#### Task objective
When you reach the line in the data below that contains "Image of Erborian", please start repeating lines exactly, and stop after the line that contains "Các nhà xuất", repeating nothing else.

+++ Entries shown +++

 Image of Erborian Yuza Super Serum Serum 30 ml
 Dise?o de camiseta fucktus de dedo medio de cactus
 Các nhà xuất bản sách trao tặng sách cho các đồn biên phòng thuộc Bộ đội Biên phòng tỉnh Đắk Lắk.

+++
+++ Entries shown +++

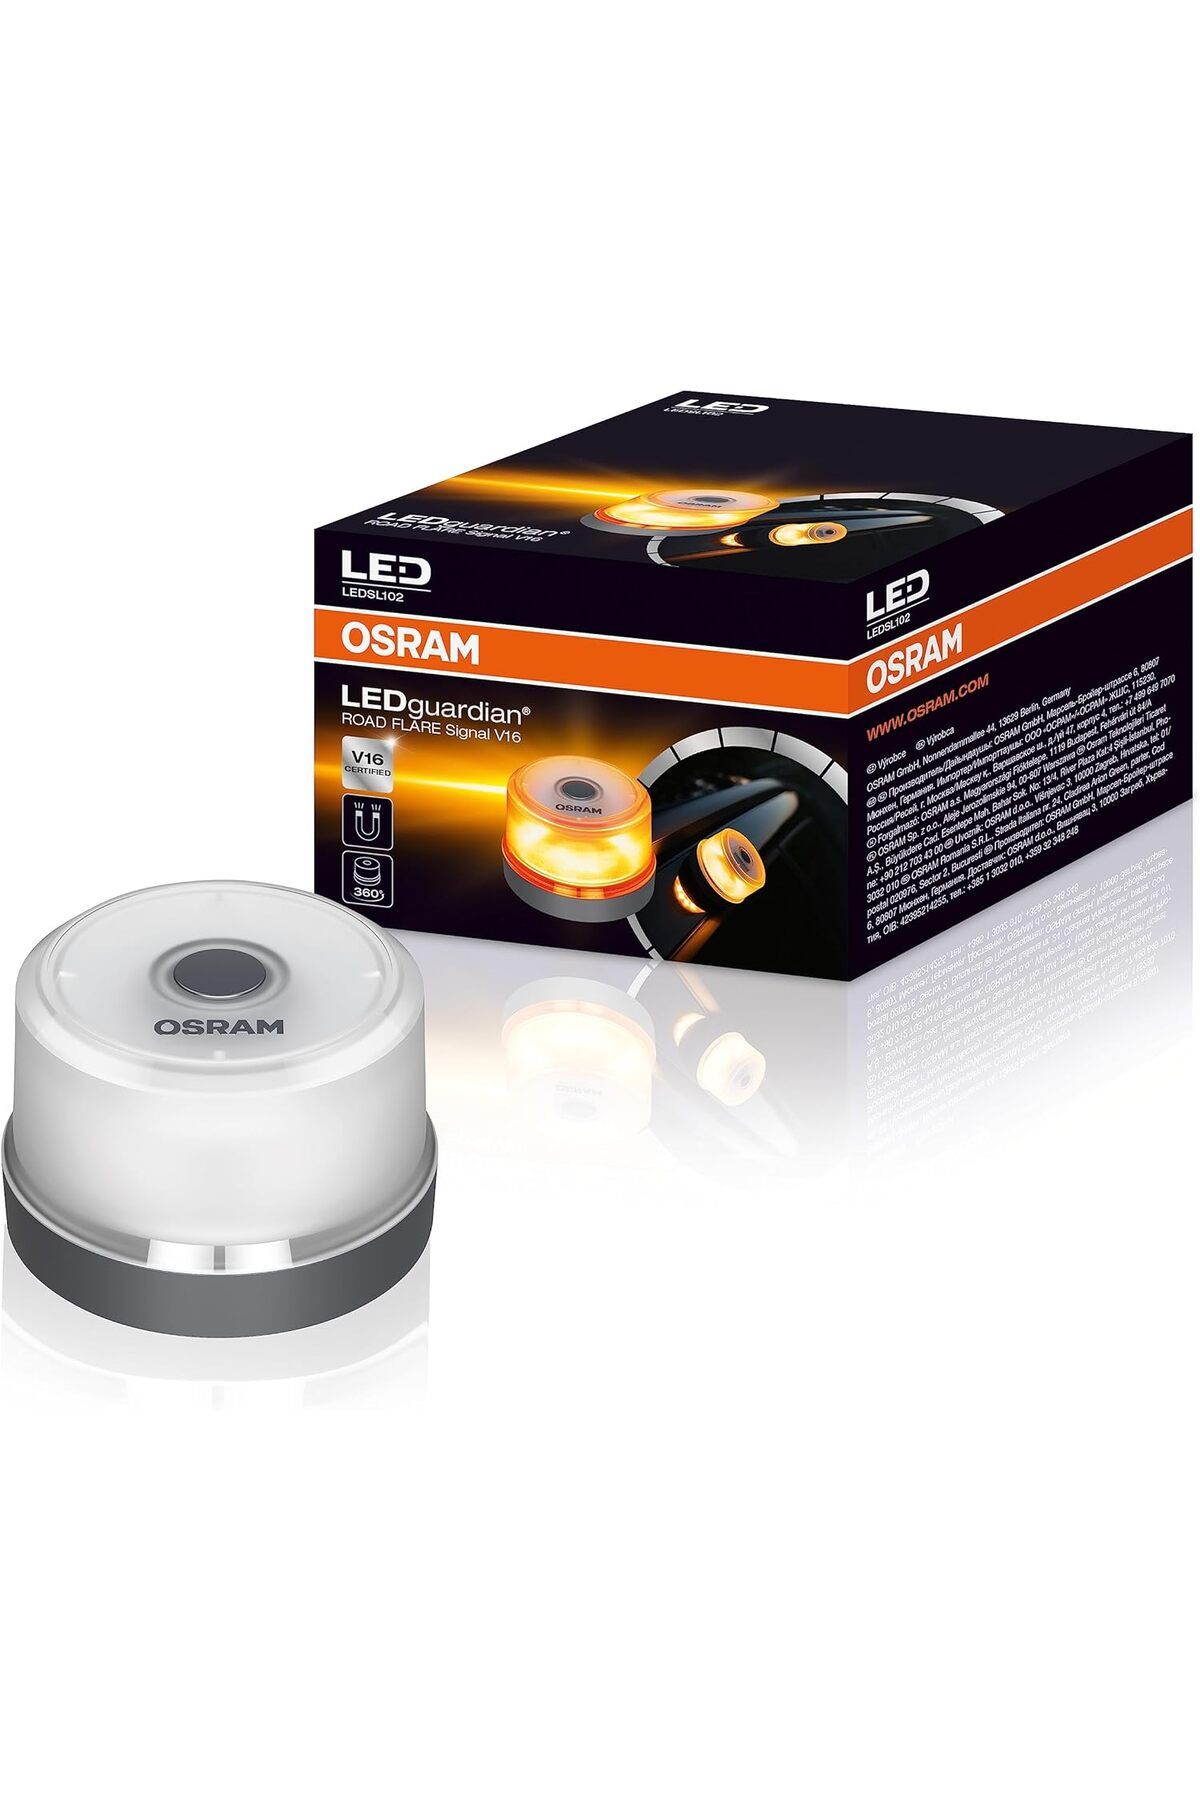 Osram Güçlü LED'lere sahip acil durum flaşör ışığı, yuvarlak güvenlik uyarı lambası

+++
+++ Entries shown +++

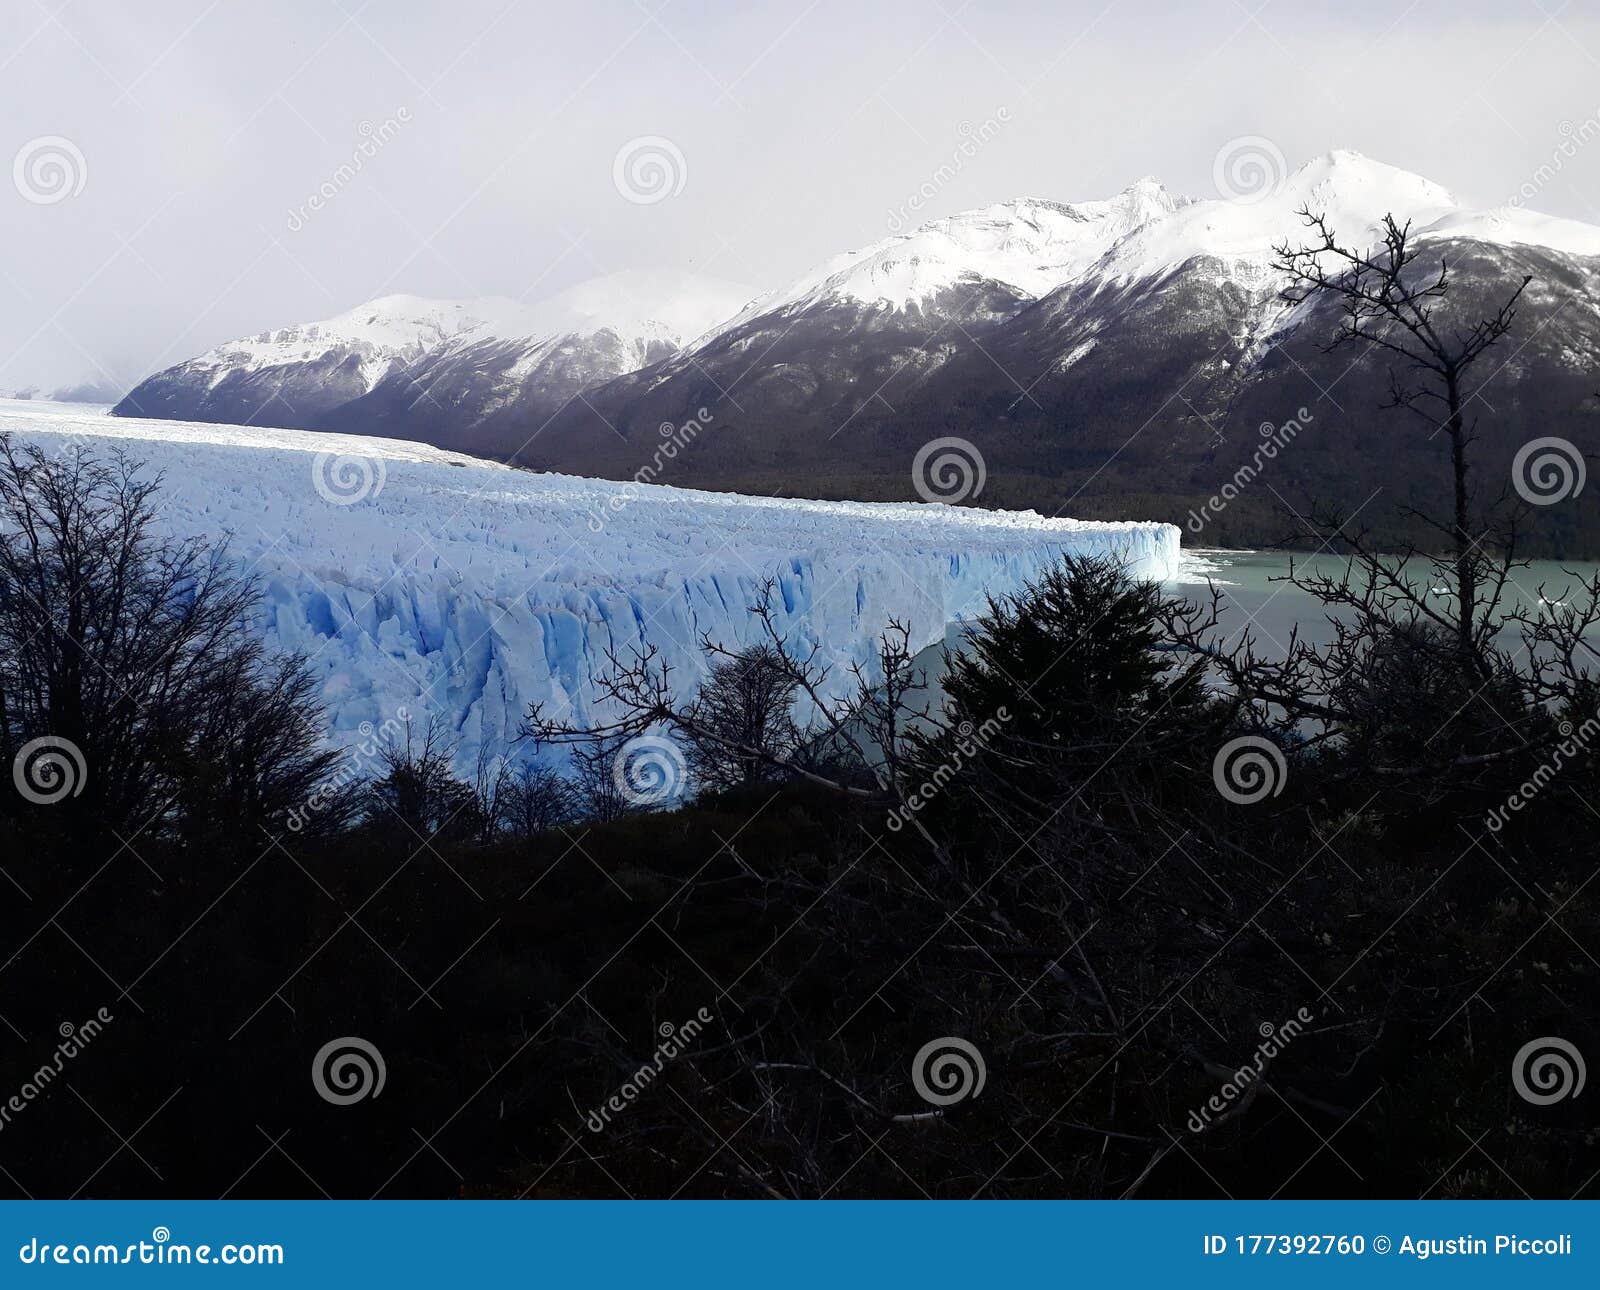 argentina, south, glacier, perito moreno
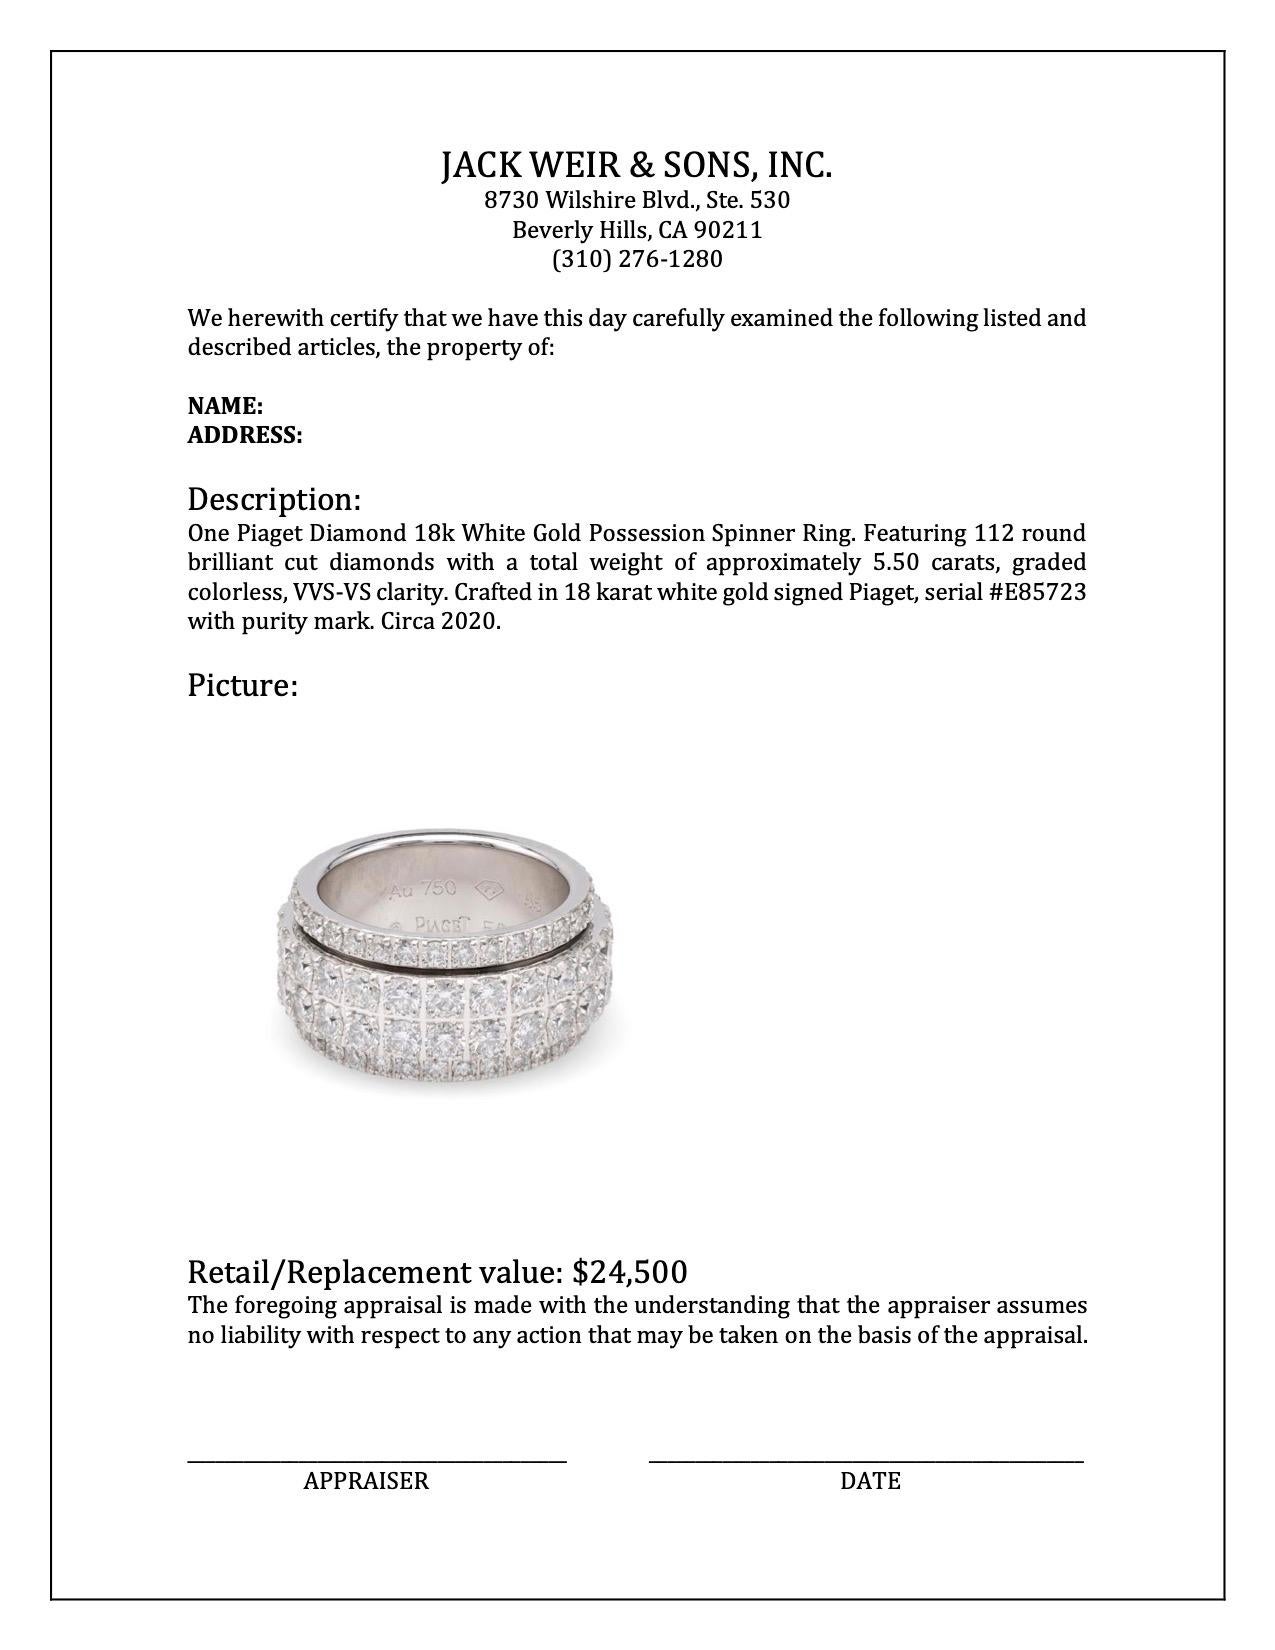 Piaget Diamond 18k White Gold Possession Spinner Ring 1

+++

#### Finished task
 Image of Erborian Yuza Super Serum Serum 30 ml
 Dise?o de camiseta fucktus de dedo medio de cactus
 Các nhà xuất bản sách trao tặng sách cho các đồn biên phòng thuộc Bộ đội Biên phòng tỉnh Đắk Lắk.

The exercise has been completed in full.